··· DATA FOR PROCESSING

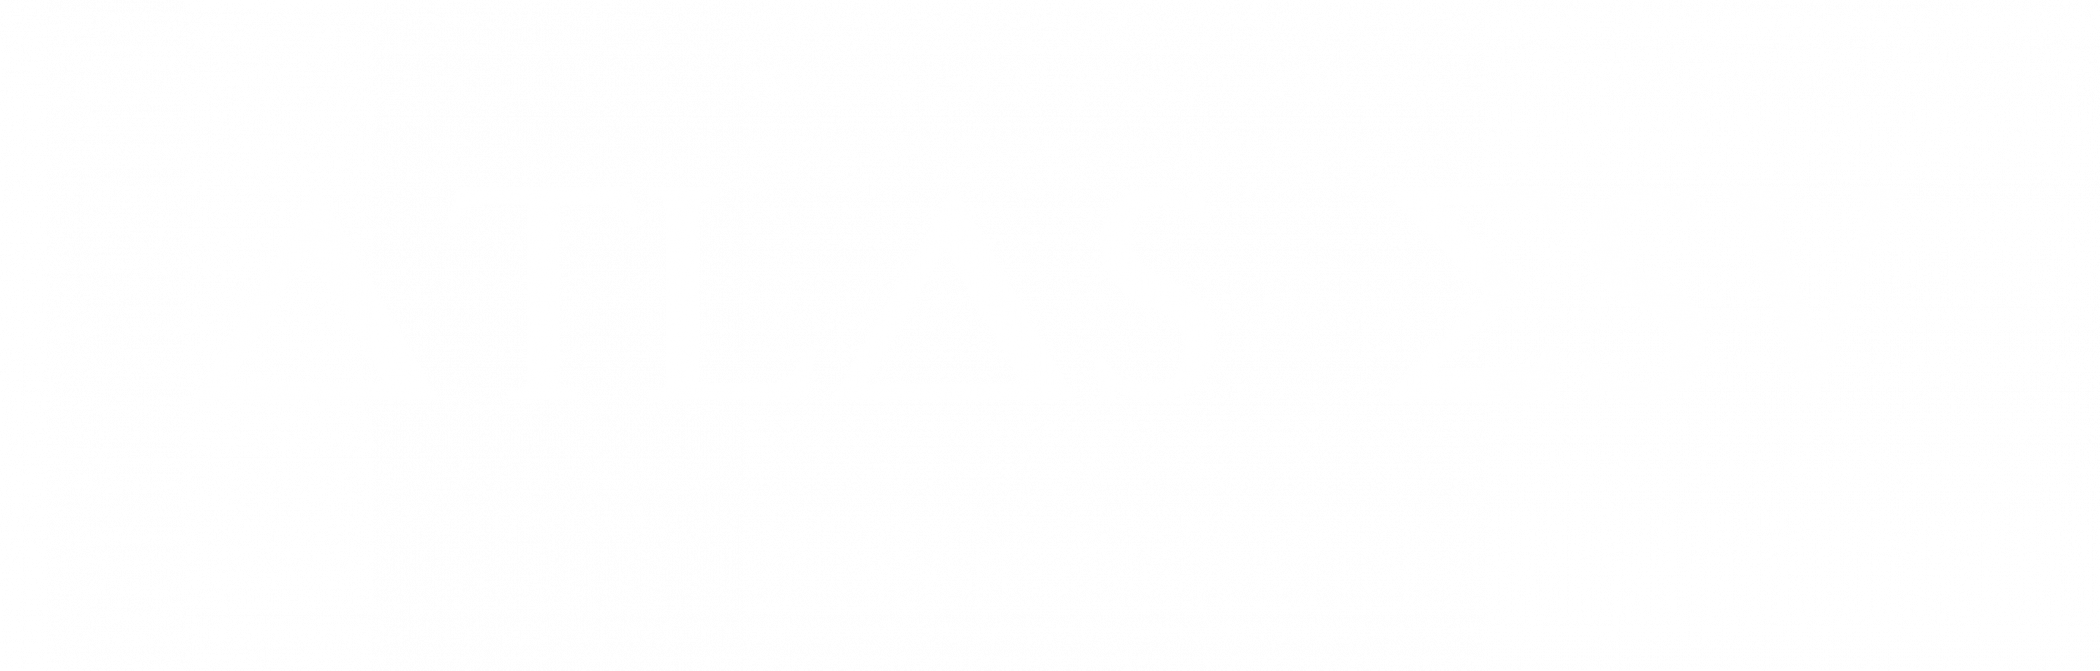 atlas-esu-text-front-jumper
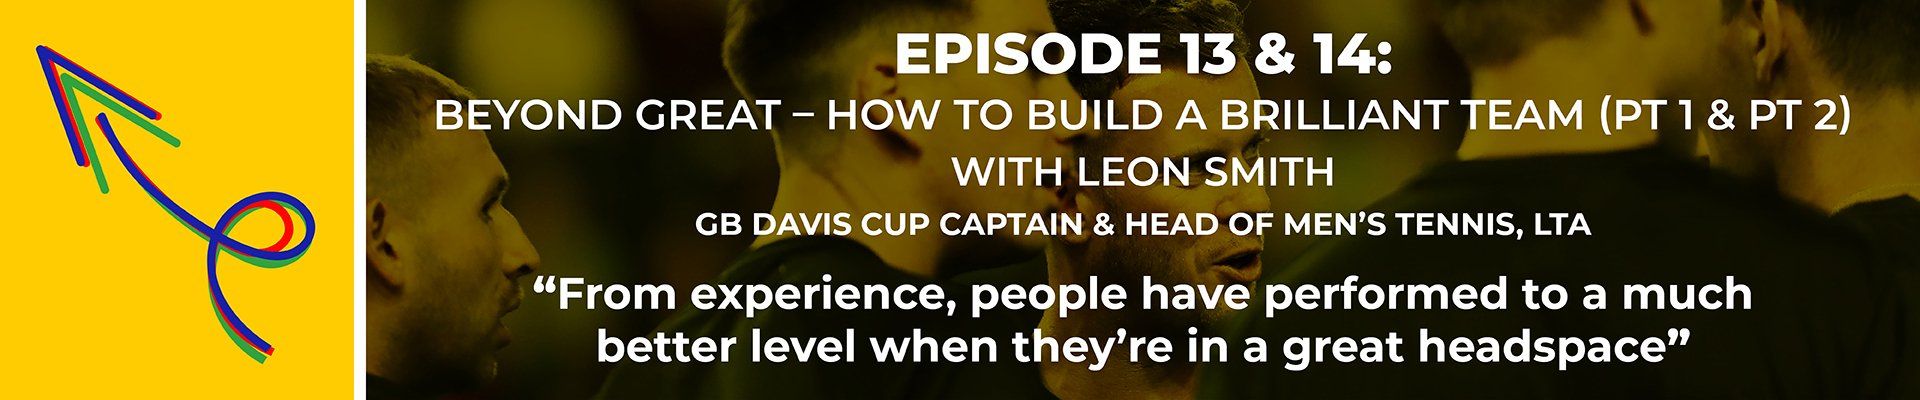 Leon Smith GB Davis Cup Captain shares how to build a brilliant team
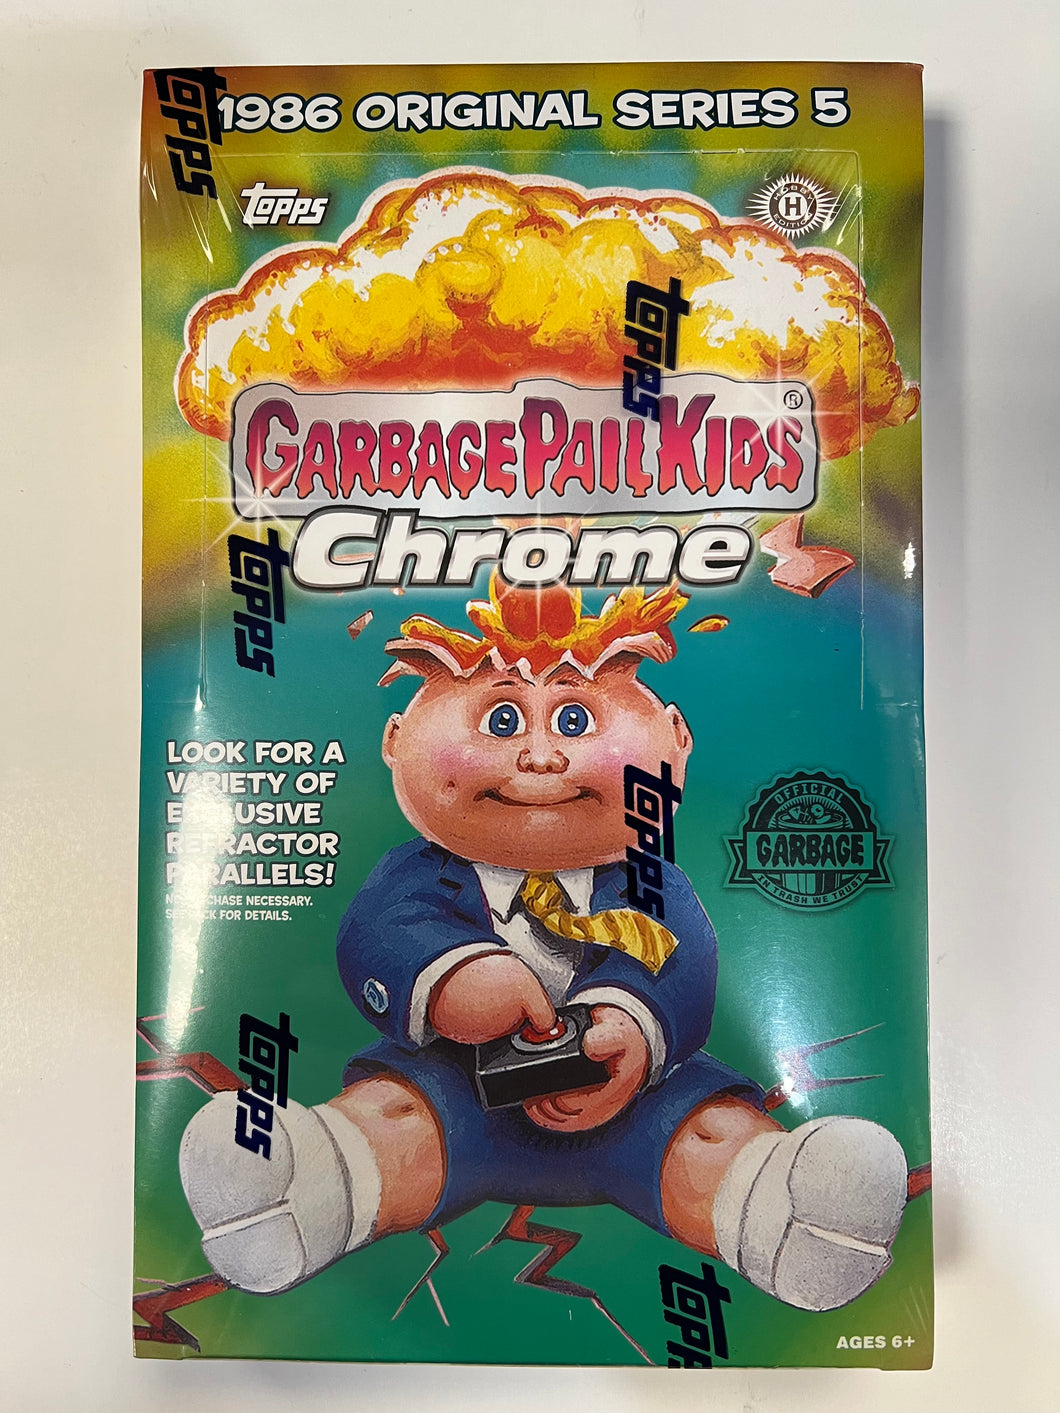 2022 Topps Chrome Garbage Pail Kids Hobby Box
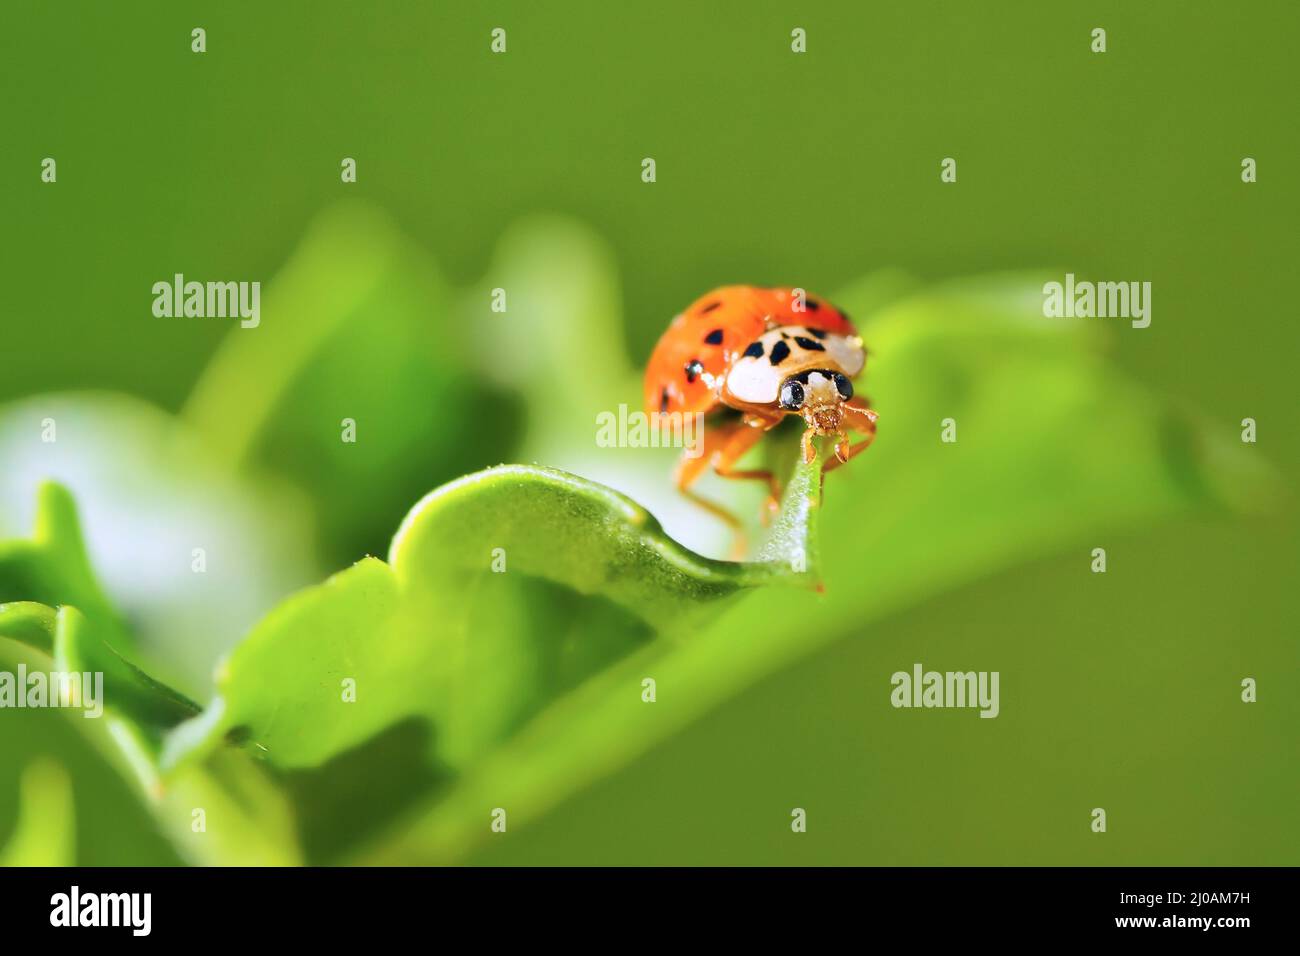 Ladybug sitting on a green grass Stock Photo
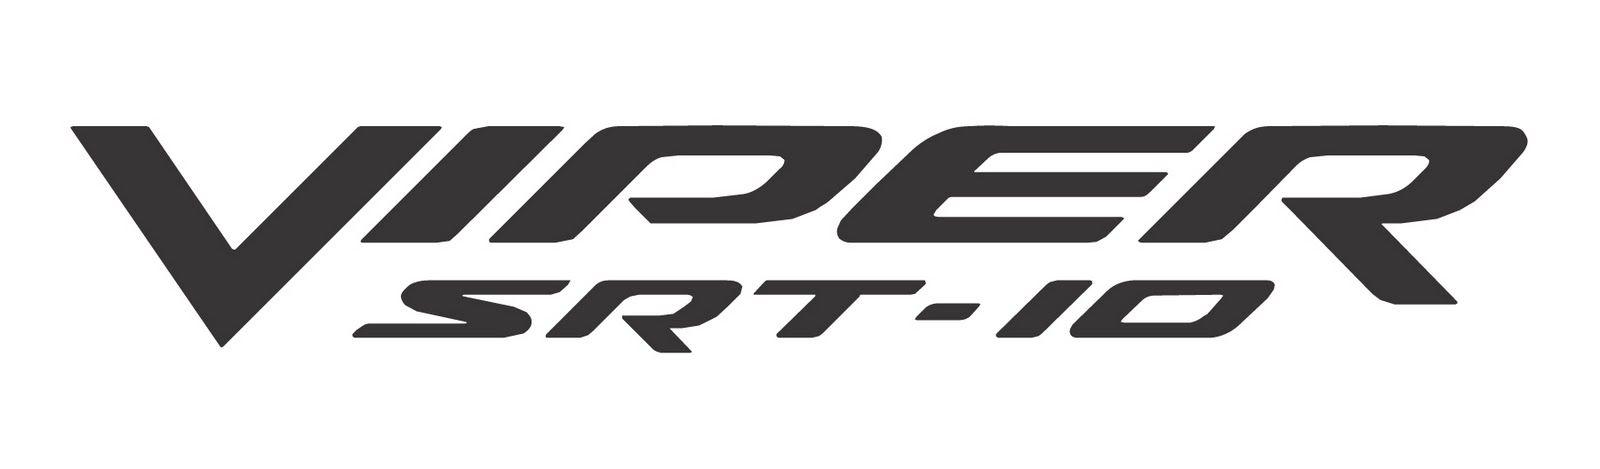 srt10 logo
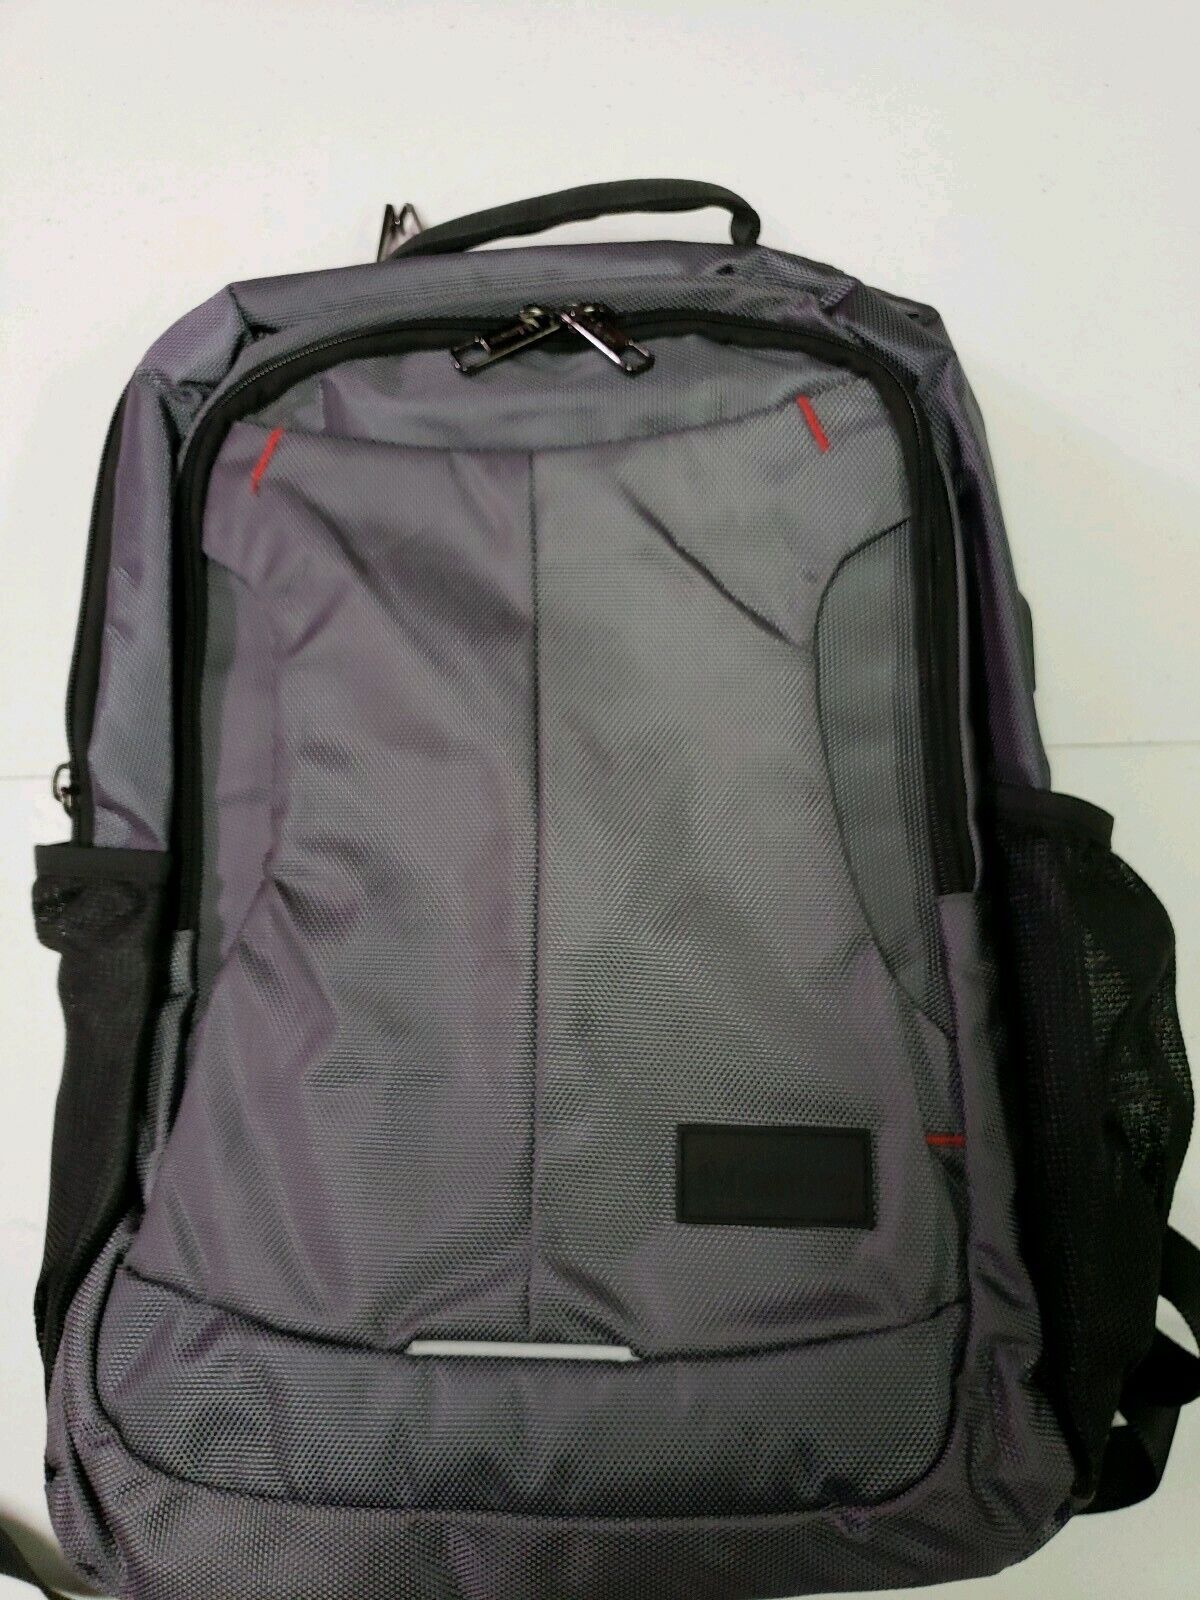 Mancro Business Laptop Backpack Slim Travel School Computer Bag Black USB
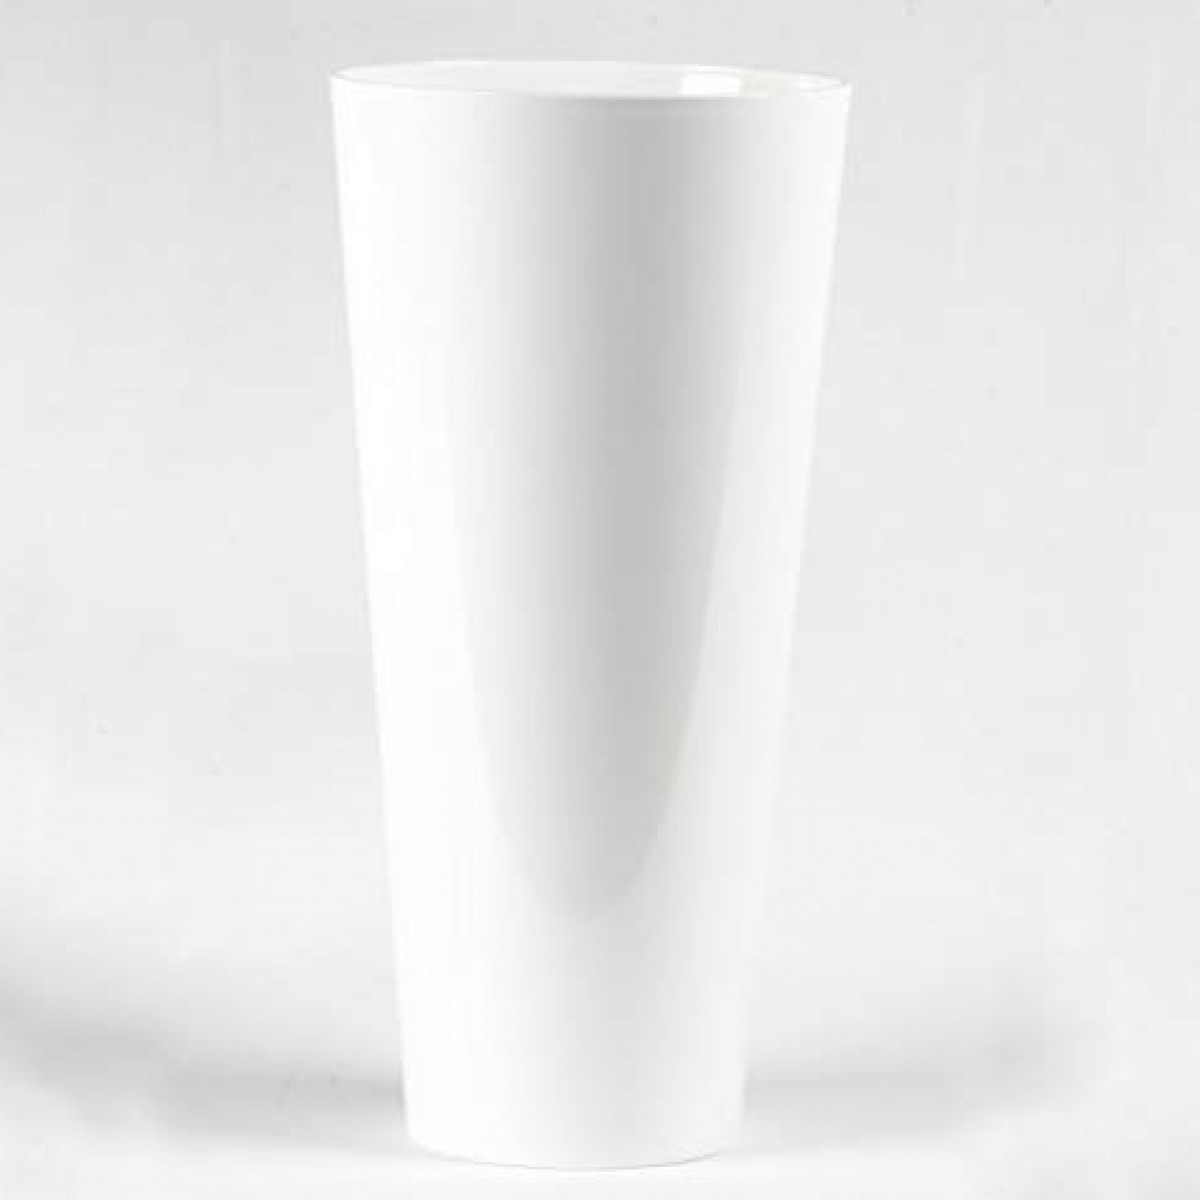 5130 Conical White 18x45cm Acrylic Vase - 1 No

······

**TASK GOAL**:
With every picture removed, give the entries above again exactly.

**WRITTEN ANSWER**:
 atlas-esu-text-front-jumper
 Leon Smith GB Davis Cup Captain shares how to build a brilliant team
 2022 Topps Chrome Garbage Pail Kids Hobby Box
 Ladybug sitting on a green grass Stock Photo
 srt10 logo
 Mancro Business Laptop Backpack Slim Travel School Computer Bag Black USB
 5130 Conical White 18x45cm Acrylic Vase - 1 No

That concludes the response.